Já o Google costuma priorizar seus smartphones Pixel para lançamentos iniciais de novas funcionalidades.
Vale a pena trocar de celular por causa da IA?
A resposta depende do perfil do usuário.
Quando faz sentido
A troca pode ser interessante para quem:
- Utiliza IA diariamente;
- Trabalha com produtividade digital;
- Produz conteúdo;
- Edita fotos e vídeos;
- Utiliza ferramentas de automação;
- Busca maior integração entre dispositivos.
Quando não faz sentido
Para usuários que usam o smartphone principalmente para:
- Redes sociais;
- Mensagens;
- Streaming;
- Navegação básica;
os recursos avançados de IA podem não justificar a compra imediata de um aparelho premium.
O futuro da inteligência artificial móvel
A tendência é que a inteligência artificial se torne um componente padrão dos smartphones.
Assim como ocorreu com câmeras múltiplas e sensores biométricos, a IA deve migrar gradualmente para aparelhos intermediários.
Entretanto, os modelos mais avançados continuarão recebendo recursos primeiro.
Analistas de mercado apontam que a disputa entre fabricantes nos próximos anos será menos focada em velocidade de processamento tradicional e mais concentrada na capacidade de executar inteligência artificial localmente.
Isso inclui:
- Assistentes mais inteligentes;
- Tradução universal;
- Edição multimodal;
- Busca contextual;
- Automação pessoal.
Como escolher um celular preparado para IA
Antes de comprar um smartphone, é importante observar alguns critérios.

Verifique o processador
Chips mais recentes tendem a oferecer melhor suporte para IA.
Analise a quantidade de RAM
Quanto maior a memória, melhor o desempenho em tarefas avançadas.
Pesquise a política de atualizações
Fabricantes que oferecem mais anos de suporte aumentam a vida útil do aparelho.
Confira compatibilidade com recursos específicos
Nem todo celular compatível com IA suporta todas as funcionalidades anunciadas.
Conclusão
A inteligência artificial está redefinindo a experiência dos smartphones, mas seu potencial depende diretamente da capacidade do hardware.

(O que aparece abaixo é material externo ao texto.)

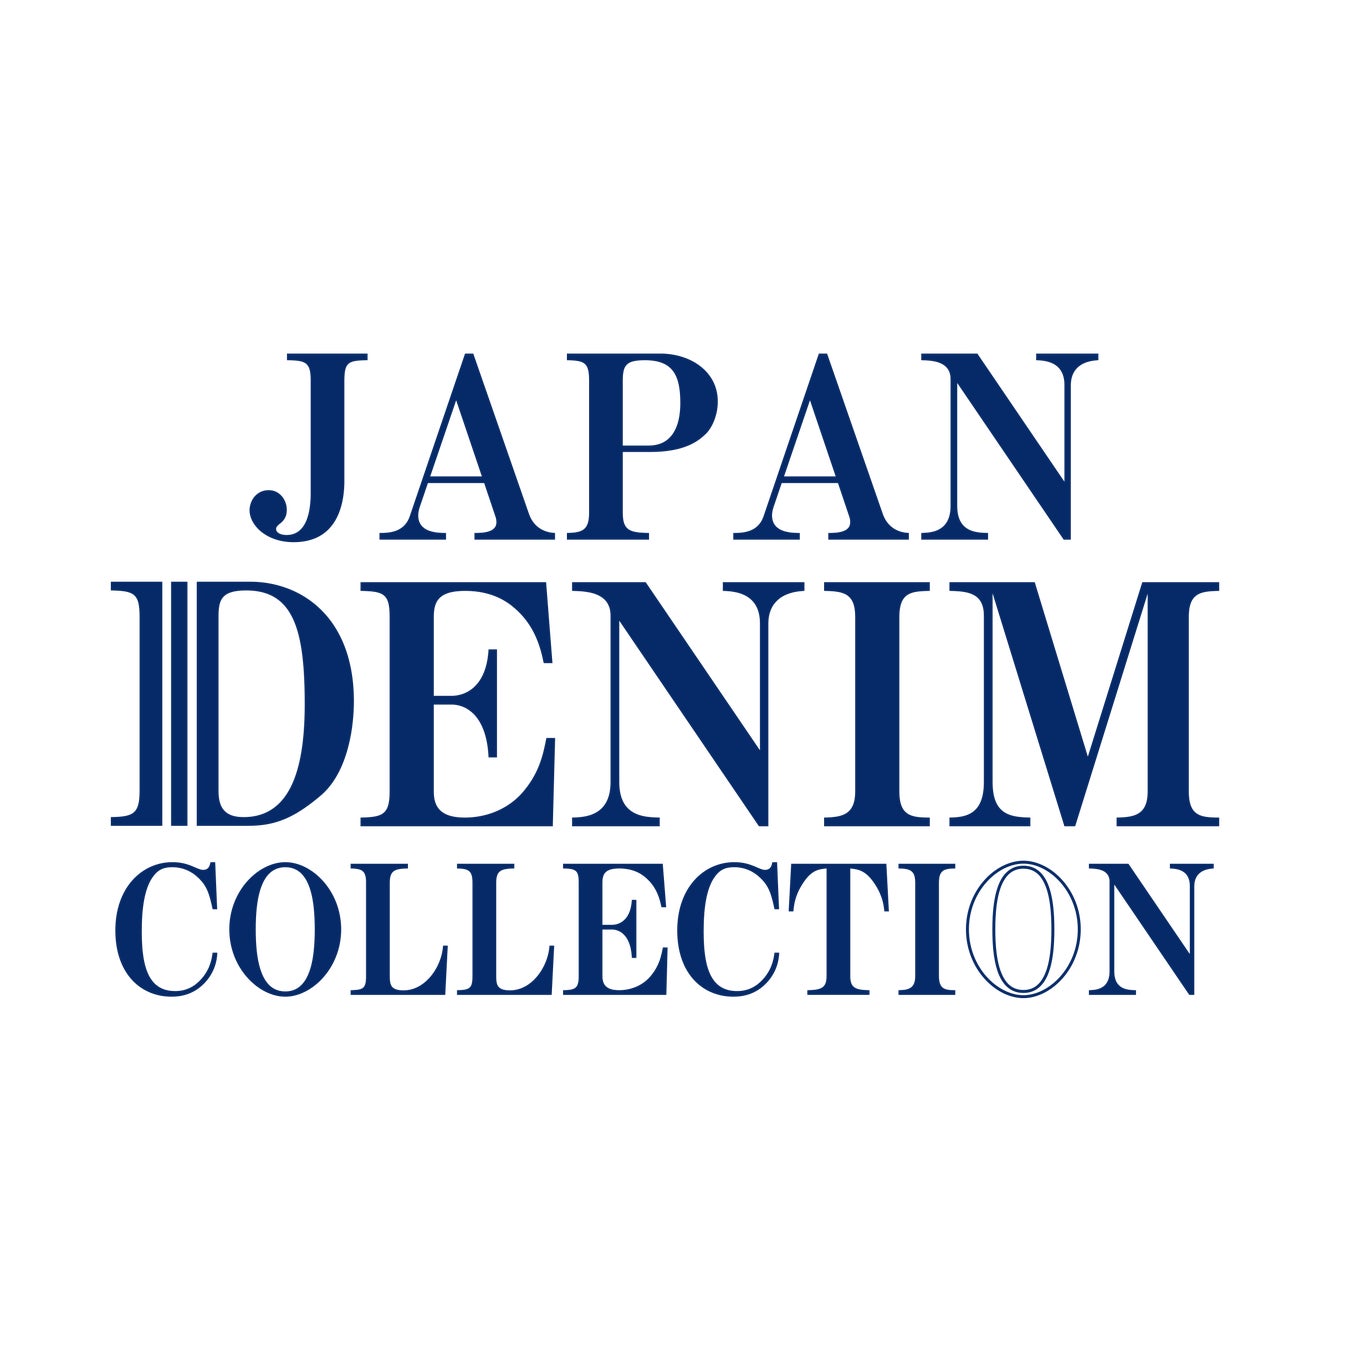 デニムの国おかやまで【JAPAN DENIM COLLECTION】開催決定！「デニムファッション」のみのコレクション。コンテストは男女混合で日本初開催。SDGsの最先端を実現する。★出演者募集中★

Embora aplicativos baseados em IA possam funcionar em diversos dispositivos, os recursos mais avançados exigem processadores modernos, unidades neurais dedicadas, memória adequada e suporte contínuo dos fabricantes.
Para o consumidor brasileiro, a principal lição é simples: ao escolher um novo celular, não basta avaliar apenas câmera, bateria ou armazenamento. A capacidade de executar inteligência artificial localmente tornou-se um dos fatores mais importantes para garantir que o aparelho permaneça relevante nos próximos anos.
À medida que a IA se torna o centro da estratégia das grandes fabricantes, entender a relação entre software e hardware será essencial para fazer uma compra mais consciente e preparada para o futuro.